The contributions to the March 2020 issue of Camera Austria International focus on the potential inherent to an exploration of everyday regimes and on how democracy can unfold at the interfaces between public and private life.
“Part of the appeal of [Christina] Werner’s art is that it aims to educate without being didactic,” writes Sabrina Mandanici in her contribution. In her mostly long-term projects, Werner observes how the restructuring of public spaces sometimes proceeds without anyone noticing the political instrumentalization at play there, or how representatives of right-wing populist parties adopt, for their own purposes, a rhetoric usually associated with democratic convictions. Besides making the cracks in our democratic system visible, she also traces the question of which individual liberties can be occupied here.
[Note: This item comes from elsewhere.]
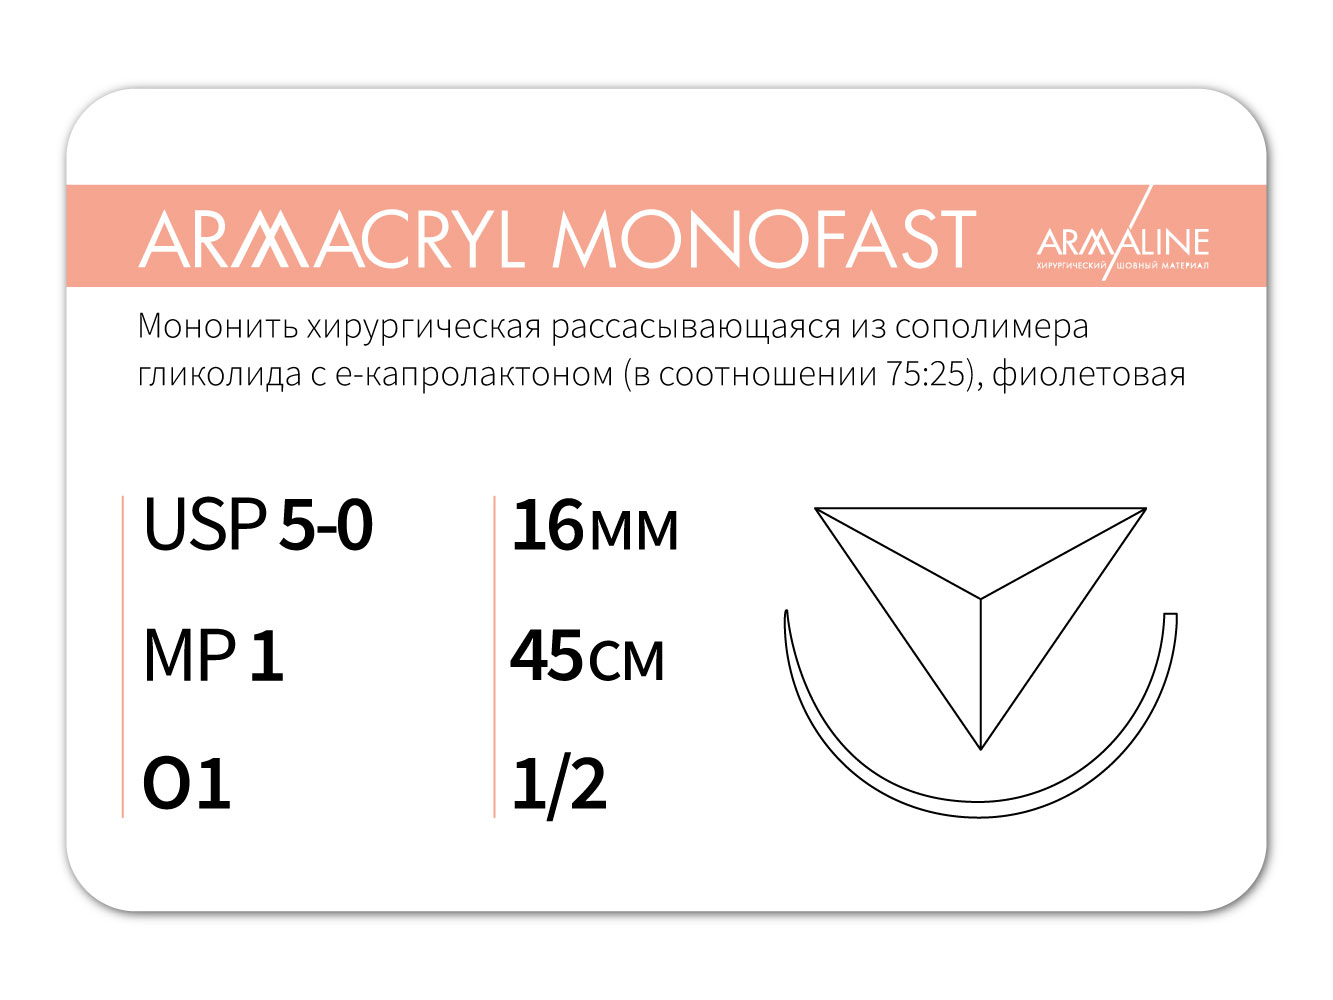 ARMACRYL MONOFAST/Армакрил монофаст (5-0) 45 см - материал хирургический шовный стерильный с атравматической обратно-режущей иглой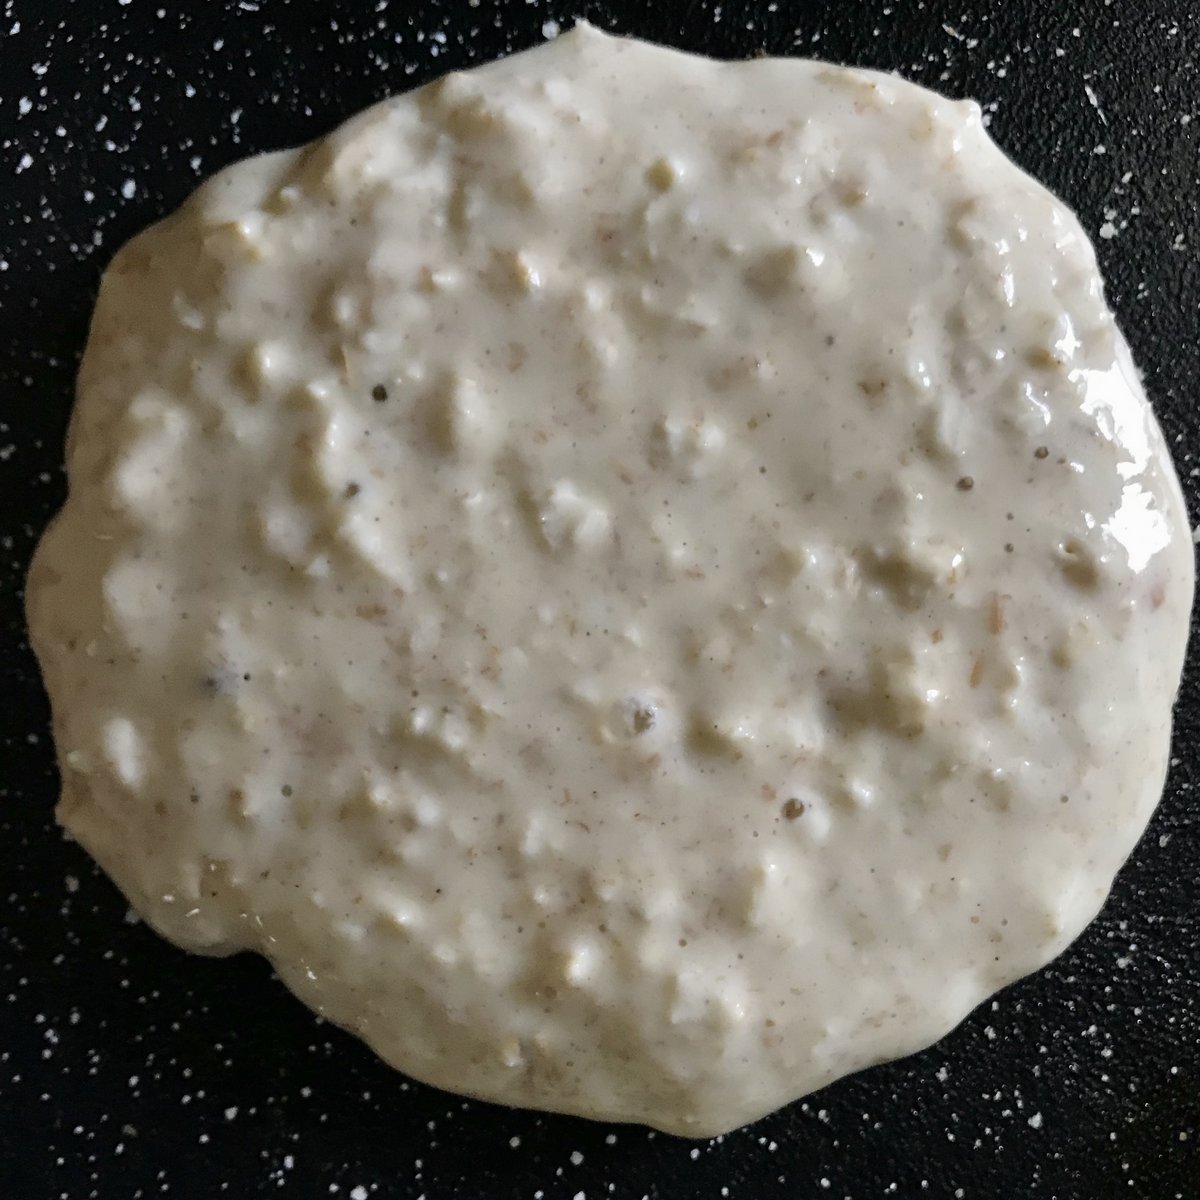 A single pancake on a griddle pan.

Nina Strand’s text on the work of Carmen Winant likewise deals with laying claim to personal liberties. Citing her 2019 publication Notes on Fundamental Joy, as well as the artist’s interest in the Lesbian Lands movement, especially in the Oregon Women’s Land Trust (founded in 1975), Strand spotlights the role that photography and publishing play in the self-empowerment of women, along with the importance of creating common feminist spaces. “The vast number of publications produced by Lesbian Lands—zines, pamphlets, magazines—show us how photography was an important tool for these women: the making of pictures became a way to reclaim and reinvent.”
Radek Krolczyk and Hannah Wolf have developed the contribution “Sky / No Sky” from their joint publication practice. Here, they reflect on the meaning and the temporality of political images and symbols in the urban space of Istanbul. They analyze the images found before elections and on national holidays, at protests and demonstrations, or on the plastic tarps of large-scale construction areas, but also the absence of previously present imagery. “Irregular gray patches are thus found on the walls. They are eradicated slogans and pictures that simultaneously tell of the state’s fear.”
The works of Bouchra Khalili shed light on the subjective lines of movement between divergent cities, which serve as points of departure for telling stories of migration with all their fragility. Arnisa Zeqo interrelates the artist’s films with Pier Paolo Pasolini’s autobiographical cycle of poems Poesia in forma di rosa. She notes the similar way in which Pasolini allows the voices of both the living and the dead to have their say: “Khalili’s films create a civic space for ‘under-heard’ voices, a space for political and subjective consciousness between nations, street corners, and houses, where there is space made for dignity.”
The “Black Balloon Archive” by Liz Johnson Artur, created over the course of more than thirty years, encompasses a plethora of photographs documenting black communities throughout the world, brought into ever-new constellations by the artist. Yasufumi Nakamori talks with the artist about belonging to the black diaspora, about the role that narration plays in her work, and about her interest in increasingly integrating this into collaborative contexts in order to open it up to discourse: “I am for boxes and negatives, but I also want to see all those pictures, to not feel that I just take it compulsively. So for me being able to show means I can have different conversations and one leads to another.”